For an awesome out of the box splitter, check out the Splitfire.  Not cheap though.


----------



## Kool_hand_Looke (Oct 10, 2014)

mellow said:


> That is half your problem, you need to be sitting on a milk crate


Brother...I can get real lazy real quick. That's the last thing I need.


----------



## Ashful (Oct 10, 2014)

I also prefer splitting horizontal, but wouldn't be without a splitter that can go vertical.  I bring home a lot of BIG rounds (more than half over 40" diameter... once a 60" diameter oak), and there's just no way you're going to get a 40" round up onto a splitter.

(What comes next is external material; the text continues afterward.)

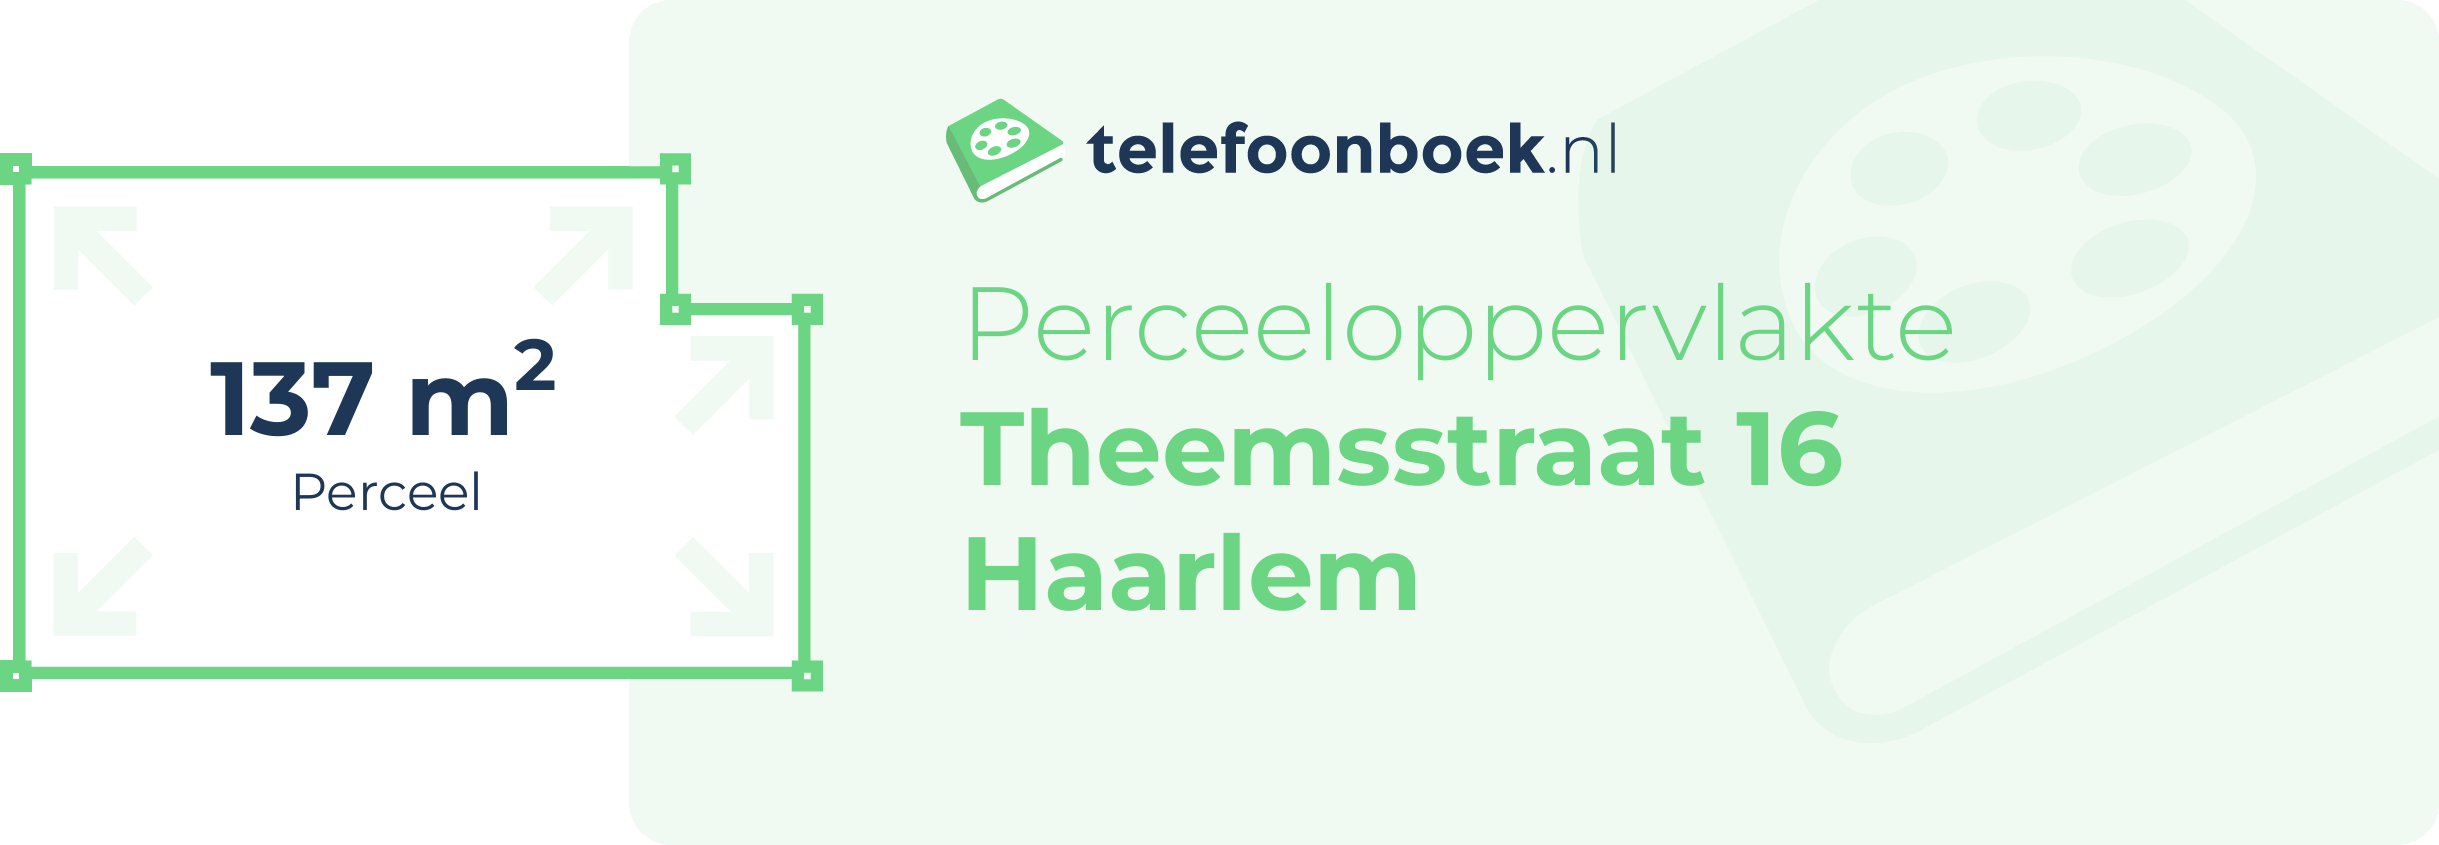 Perceeloppervlakte Theemsstraat 16 Haarlem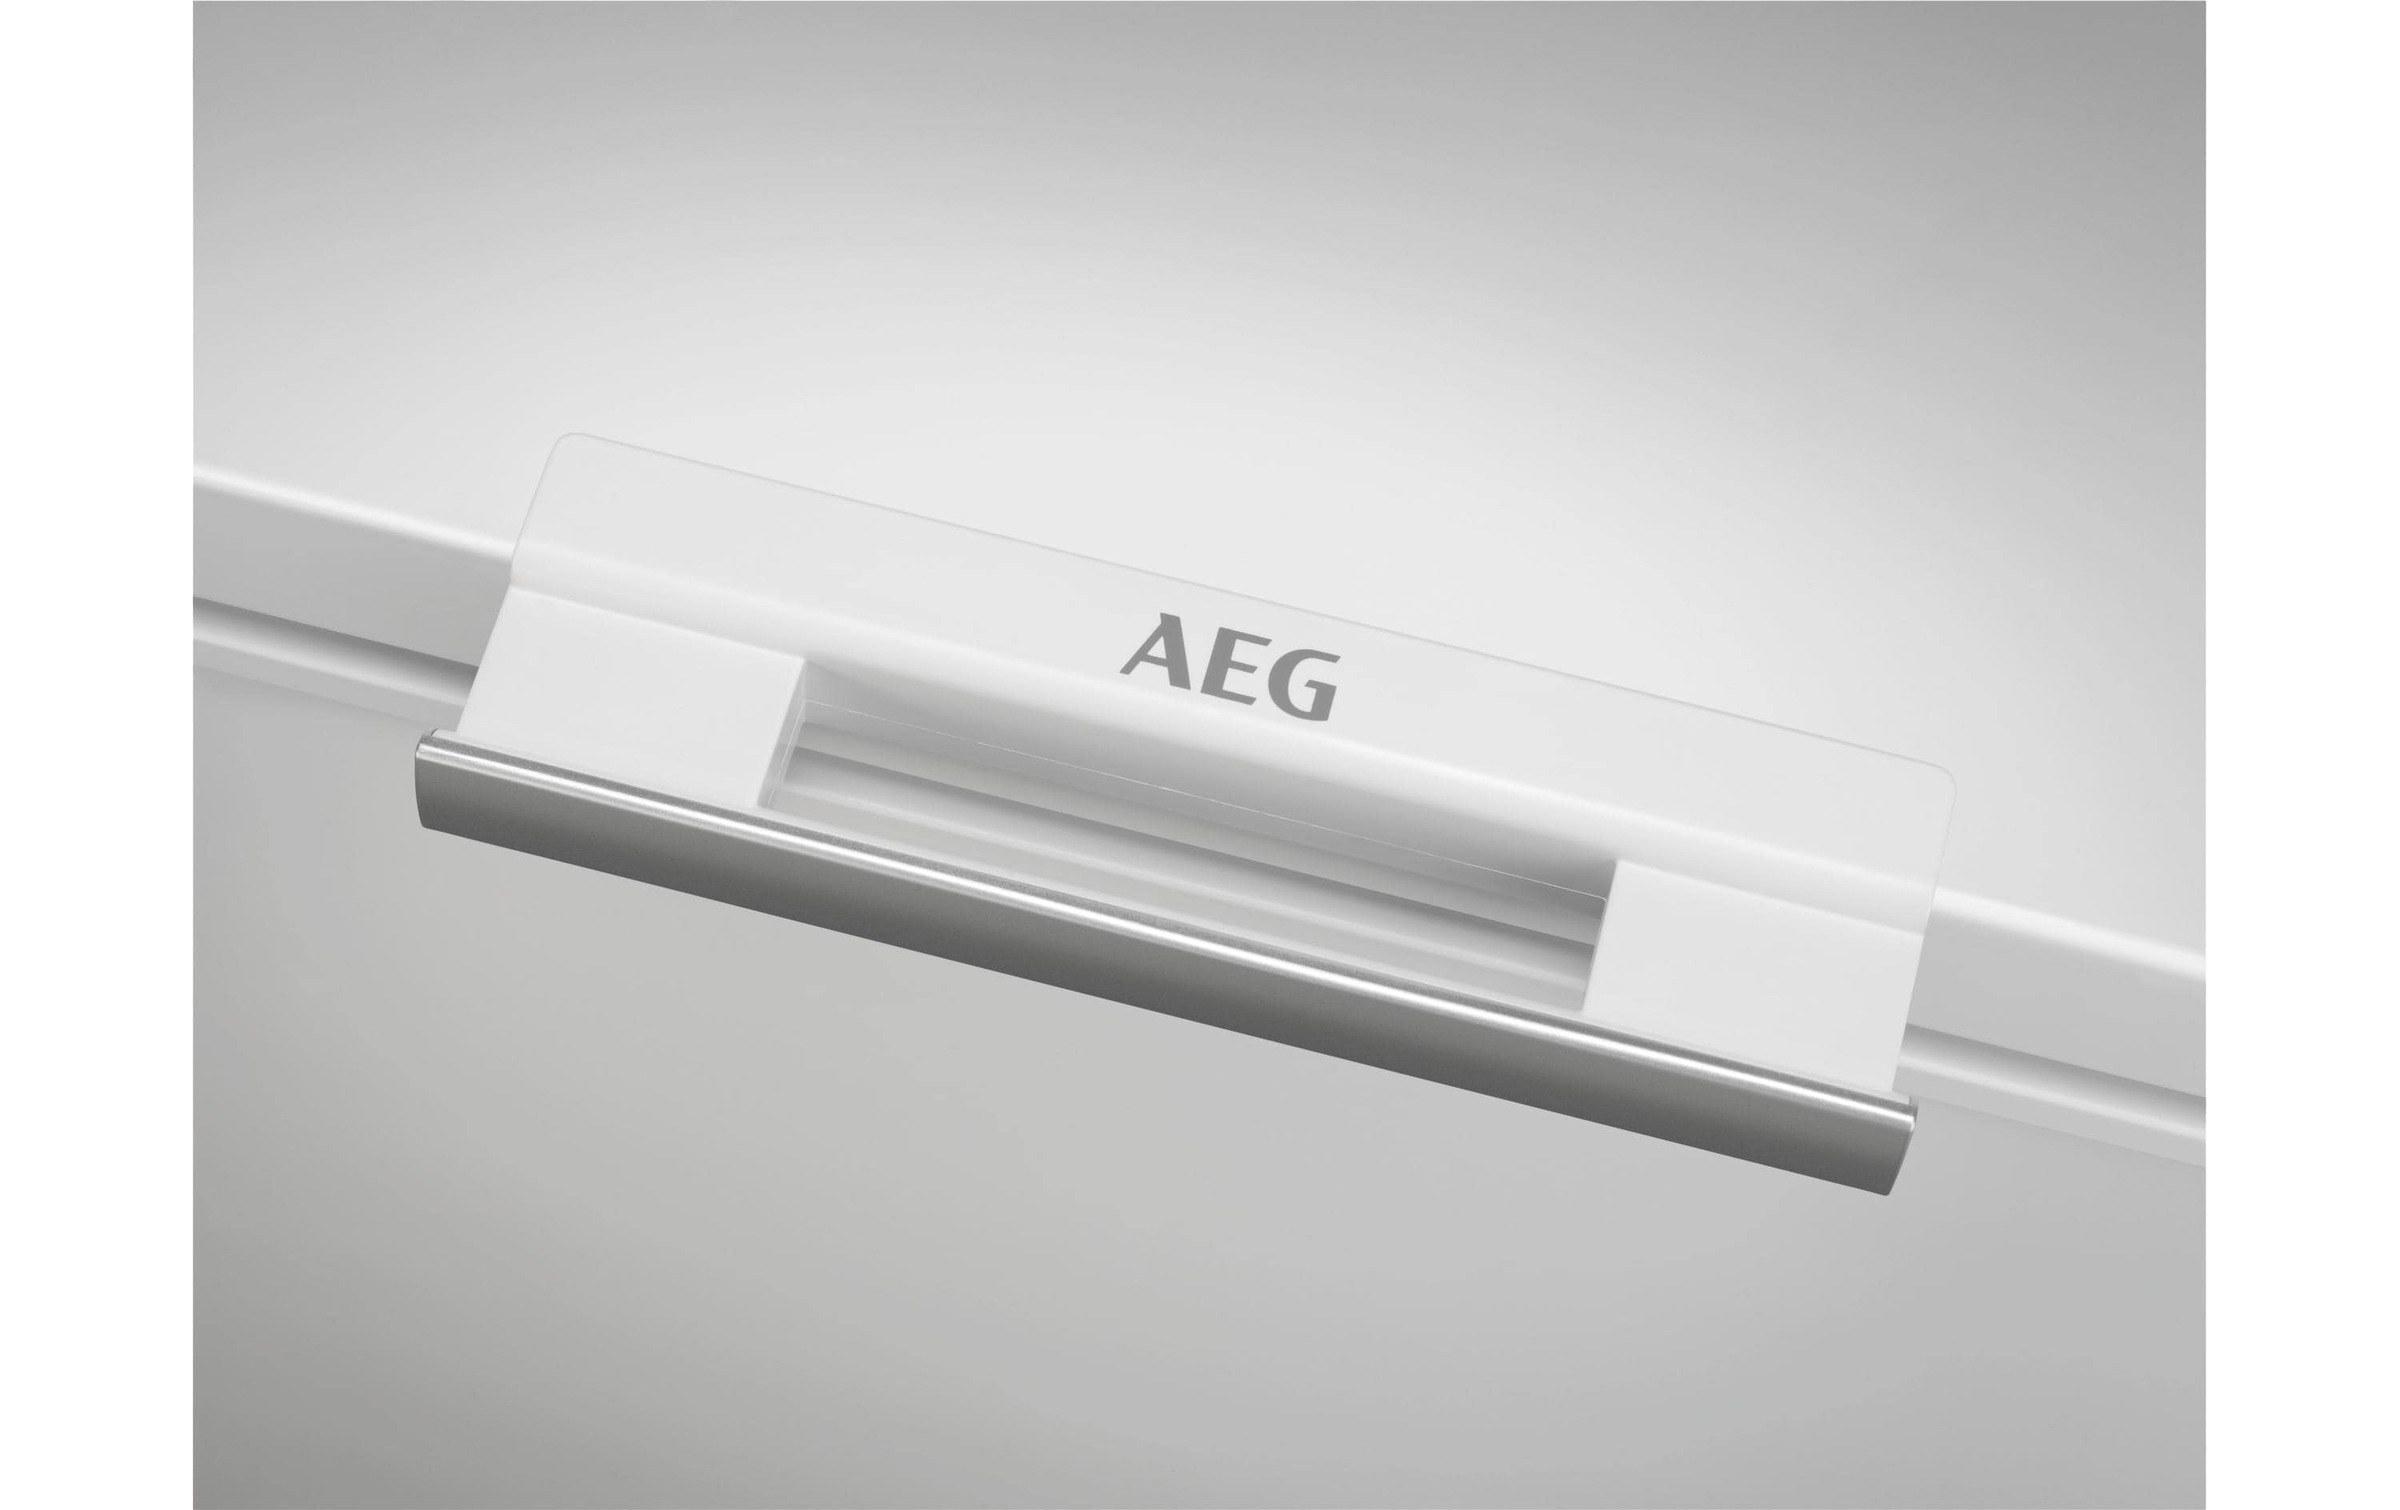 AEG Gefriertruhe »Gefriertruhe AGT260«, 84,5 cm hoch, 96 cm breit

Yeah, it's just a Huskee 22 ton, but I've not run into anything I could move, that it couldn't split.  I went with the 22-ton because it has a much faster cycle time than the 28-ton, due to using the same pump on both models.

A note on I&O, they do make two versions of most of their splitters.  For example, in their 22 ton equivalent, you can buy a homeowner grade I&O with a 12 second cycle time, or a commercial grade unit with a 6-second cycle time.  I used to rent one of the commercial I&O 22 ton machines locally, and it did stall in rounds my cheap 22-ton Huskee goes thru without trouble (albeit slowly...).


----------



## bassJAM (Oct 11, 2014)

Kool_hand_Looke said:


> I guess it's uncool to actually want to know what im dropping possibly a couple grand on. I guess I should just walk in and get another piece of crap splitter like the 35T Huskee I have. I took advice on the I&O. I called them. They were bought out. Impossible to walk in and buy one. I took advice and looked at the one at the DHT. Sorry that thing was a piece of crap too. I've mentioned several times that I was interested in 22T splitters. Not the 27T Troy Bilt which keeps being repeated. And is like 2 foot off the ground.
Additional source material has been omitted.